Welche Probleme können auftreten?  

Wie bei allen extrem Fehlsichtigen, kann es  auch bei dieser Methode durch Lichtbrechung am Rand der optischen Zone - hier der eingepflanzten Kontaktlinse -  zur verstärkter Blendung oder Lichtstreuungseffekten kommen. Dies kann zu Problemen während nächtlicher Autofahrten führen. Patienten die sich für diese Operation entscheiden, sollten mit Ihrem Operateur die Bedeutung der optischen Zone diskutieren. Wir empfehlen aus unserer eigenen Erfahrung keine Linsen mit kleinerer optischer Zone als 5,0 mm implantieren zu lassen und die verbleibende Fehlsichtigkeit dann durch eine Brille, Kontaktlinse oder LASIK-Operation zu optimieren. Besteht eine beidseitige Fehlsichtigkeit, kann es nach Operation des ersten Auges bis zum Zeitpunkt der Operation am 2.Auge durch den wahrgenommenen Bildgrößenunterschied durch die Ungleichheit beider Augen zu Störungen des beidäugigen Sehens kommen. Aus der Umfrage der ISRS  (International Society of Refraktiv Surgery) halten 8% der refraktiven Chirurgen die Technik für so sicher, dass sie beide Augen an einem Tag operieren, da unter Umständen Doppelbilder und Schwindelgefühle auftreten. Erst nach der Operation des Partnerauges darf damit gerechnet werden wieder ein Fahrzeug führen zu dürfen.  Schwere Nebenwirkungen sind zwar nicht wahrscheinlich, können jedoch mit Sicherheit nicht ausgeschlossen werden. Wie bei jeder Augeneröffnenden Operation wäre als schwerste Komplikation eine Infektion des Auges denkbar, die im Extremfall bis zur Erblindung des Auges führen könnte. In seltenen Fällen könnte man sich auch vorstellen, dass die eingepflanzte Kontaktlinse nicht vertragen wird  und das Auge es quasi als Fremdkörper bekämpft. Dies würde zu chronischer Entzündung im Inneren des Auges und zu einer Erhöhung des Augendrucks (sog. Sekundärglaukom) führen. In schweren Fällen muss dann unter Umständen die Kunstlinse wieder entfernt werden.

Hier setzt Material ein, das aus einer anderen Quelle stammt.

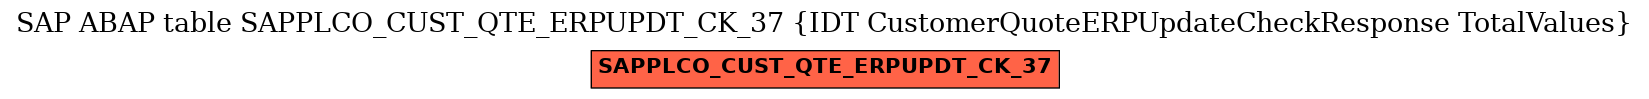 E-R Diagram for table SAPPLCO_CUST_QTE_ERPUPDT_CK_37 (IDT CustomerQuoteERPUpdateCheckResponse TotalValues)
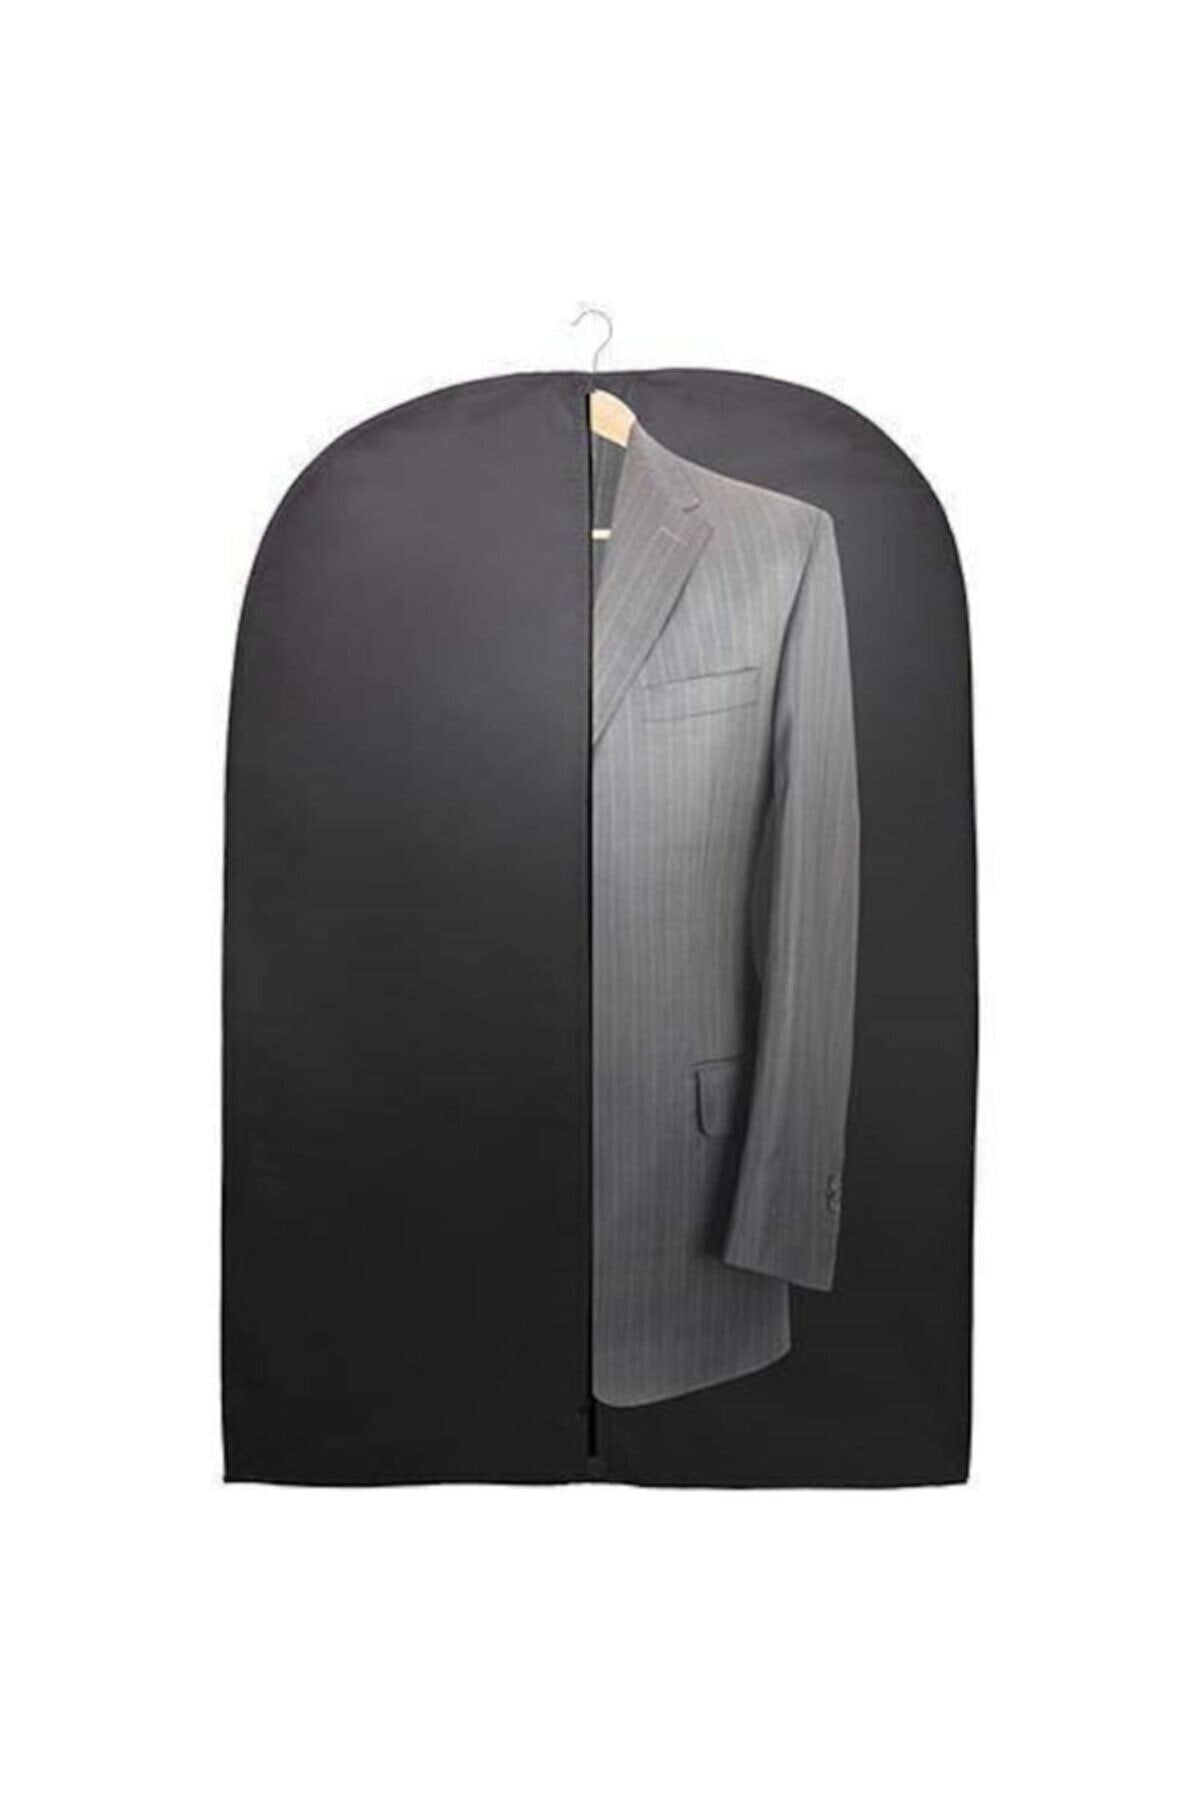 alorez 5 Adet Fermuarlı Ceket Elbise Takım Elbise Kılıfı Koruyucu Giysi Saklama Çantası

Wir empfehlen unseren Patienten bei der jährlichen Kontrolle die Anfertigung einer Hornhaut-Mikroskopie, um den Verlust von Hornhaut-Endothelzellen durch die intraoculare phake Linse (ICL) auszuschließen.   


Vorderkammerlinsen  

Im Markt der refraktiven Chirurgie stehen auch Linsen zur Verfügung, die nicht hinter der Regenbogenhaut, sondern vor der Regenbogenhaut in die Vorderkammer des Auges eingepflanzt werden. Hier kann auch eine Lockerung der Linse mit dem Ausweichen aus der optimalen optischen Achse (Dezentrierung) auftreten. Bei schlechtem oder zu lockerem Linsensitz besteht das nachgewiesene Risiko einer Schädigung der Zellen an der Innenseite der Hornhaut (Endothelzellverlust s.o.). Patienten mit eingepflanzter Vorderkammerlinse sind grundsätzlich jährliche Kontrollen mit Messung der Endothelzellzahl empfohlen. Beim Unterschreiten eines bestimmten Grenzwertes sollte die Vorderkammerlinse wieder entfernt werden. Im einen Fall der Dezentrierung würde ein Astigmatismus vorgetäuscht werden, im anderen Fall der Endothelzellverlustes könnte eine Trübung der Hornhaut auftreten. Diese Nebenwirkungen können mit guter Aussicht auf Besserung behandelt werden, machen jedoch eine 2.Operation, bez. die Entfernung der Kunstlinse erforderlich.